Nous voterons contre ce projet de loi, d’autant qu’il a été déclaré d’urgence, ce qui est plutôt curieux.
En fait, le dispositif qu’il instaure s’insère dans le projet de société parfaitement structuré que le Gouvernement est en train de façonner. La dérégulation de l’économie et du marché du travail, la flexisécurité des salariés sont les prochains objectifs à atteindre dans cette économie de marché et de concurrence.
Aujourd’hui, la fonction publique compte un peu plus de 5 millions d’agents, auxquels il convient d’ajouter plusieurs centaines de milliers de travailleurs employés par des entreprises publiques, ce qui représente au total plus du quart de la population active.
Ainsi, des millions de personnes échappent actuellement à la logique du marché et du contrat conclu de gré à gré avec un employeur. Pour vous, c’est indiscutablement insupportable ! Vous ne cessez de répéter qu’il y a « beaucoup trop » de fonctionnaires. Mais « beaucoup trop » pour qui ? Pour nos concitoyens ou pour vous ? Sont-ils trop nombreux pour assurer des services publics de qualité sur l’ensemble du territoire ? Sont-ils simplement une variable d’ajustement pour compenser les choix budgétaires désastreux de votre politique fiscale ?
C’est typiquement cette logique qui a présidé au non-remplacement d’un fonctionnaire partant à la retraite sur deux. Ce calcul fait à l’aveugle est fondé sur un seul souci de maîtrise des dépenses publiques, sans que soit prise en compte le moins du monde la satisfaction de l’intérêt général.
La révision générale des politiques publiques est menée dans l’objectif de préparer les esprits à un changement radical de projet de société.
Ce projet de loi se situe parfaitement dans un tel état d’esprit. Sous prétexte de mobilité, les fonctionnaires sont très fortement incités à quitter la fonction publique et à intégrer le secteur privé. En cas de restructuration de leur administration, ils pourront se faire licencier s’ils refusent trois offres d’emploi public, ce qui est contraire au principe selon lequel un fonctionnaire privé d’emploi doit être réaffecté sur un autre emploi.

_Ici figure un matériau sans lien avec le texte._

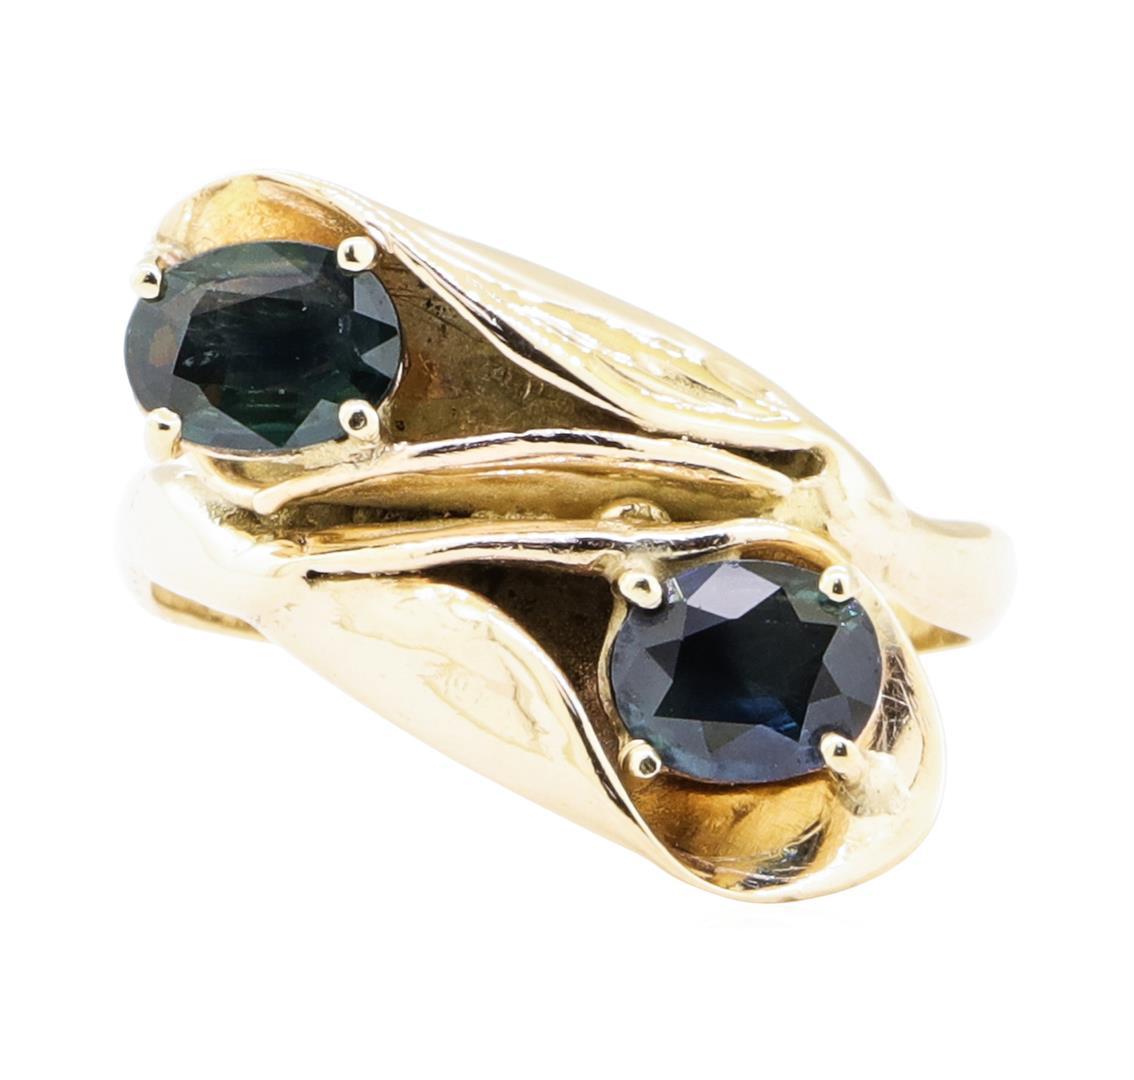 1.80 ctw Sapphire Ring - 14KT Yellow Gold

Le recrutement sous la forme du contrat est totalement banalisé puisque les administrations et les collectivités territoriales voient leurs possibilités d’embaucher des agents contractuels élargies, ce qui est totalement contraire au principe d’égal accès à l’emploi public. Quant au développement de la possibilité de cumuler des temps incomplets, il s’agit purement et simplement de mettre un coup d’accélérateur au développement du temps partiel et de la flexibilité, donc de la précarité.
Plus grave encore, ce projet de loi légalise le recours à l’intérim, ce qui a pour conséquence – en l’occurrence, je peux de nouveau évoquer un « formatage des esprits » – de banaliser l’emploi public et les missions de service public.
L’intérêt général et l’efficacité sociale sont des sources fondamentales de notre conception de la fonction publique et du service public. Ce projet de loi les balaie d’un revers de main et, par la contractualisation croissante, fait se détourner les agents de ces deux principes.
Je ne peux d’ailleurs pas m’empêcher de penser que ce projet de loi, en s’éloignant petit à petit des principes fondamentaux régissant la fonction publique, notamment l’égalité et l’indépendance des fonctionnaires, prépare – hélas ! – le terrain à la corruption généralisée dans la fonction publique, ce qui est sans doute beaucoup plus grave.
D’autres solutions existent. D’autres choix politiques et, surtout, budgétaires sont possibles. Pour notre part, nous ne partageons ni la philosophie ni la finalité de ce texte. C’est pourquoi nous voterons contre.